Pour obtenir l’écriture de 46 il suffit de taper rom 46 "

En effet :
- rom 46 "…………………………retourne rom 6 "XL
- ………………………………………retourne (retourne rom 1 "XLV)
- ………………………………………retourne (retourne (retourne rom 0 "XLVI))
- ………………………………………retourne (retourne (retourne "XLVI))
- ………………………………………retourne (retourne "XLVI)
- ………………………………………retourne "XLVI

Ces exemples montrent que le même algorithme peut se traduire dans différents langages et que les différences entre les programmes se situent à d’autres niveaux.

Par exemple :
- Les mêmes instructions peuvent se retrouver avec des noms différents : if et si, return et retourne, end et fin.
- Le même objet peut se noter de façons différentes : "CM" et "CM pour la chaîne de caractères CM tra et :tra pour la variable tra
- Le même opérateur peut se retrouver avec une désignation et une syntaxe différentes : "M" & "CM" et mot "M "CM pour la concaténation des chaînes de caractères M et CM
- Le mode de définition d’une fonction et la façon de l’appeler peuvent être différents : aexposantn (5,3) et aexposantn 5 3 pour le calcul de 5 exposant 3

D - Conclusion

L’algorithmique permet de simplifier et d’automatiser certaines tâches de la vie courante et du domaine mathématique en les réduisant à l’exécution de suites d’instructions élémentaires.
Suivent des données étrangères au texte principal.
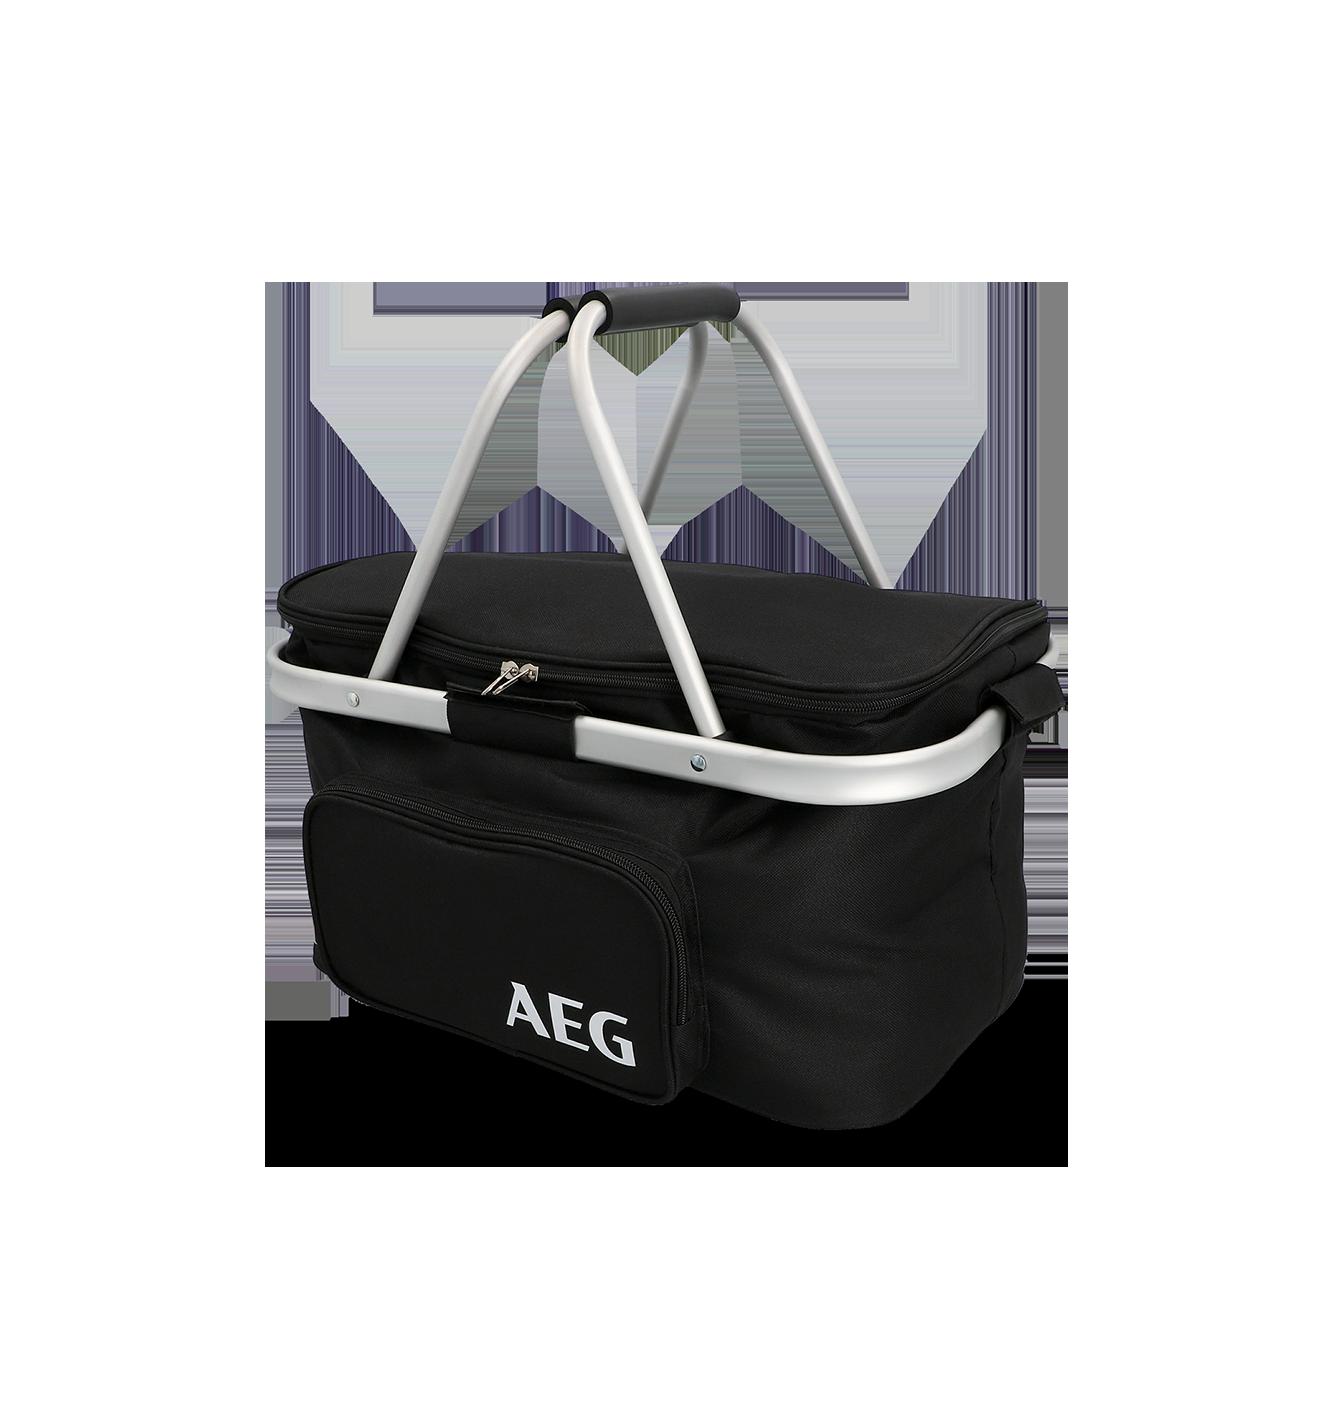 10714 AEG Volumen: 26l, schwarz Kühlbox 10714 günstig kaufen

C’est aussi l’algorithmique qui permet de programmer les ordinateurs. En effet, les langages de programmation ne sont que les moyens qui permettent de traduire les algorithmes mis au point pour obtenir les résultats voulus. L’apprentissage de la programmation ne peut donc pas se réduire à celui d’un ou de plusieurs langages. Les quelques exemples donnés mettent en évidence le caractère récursif de certains algorithmes et son intérêt. Ils laissent entrevoir la concision et la puissance des langages de programmation.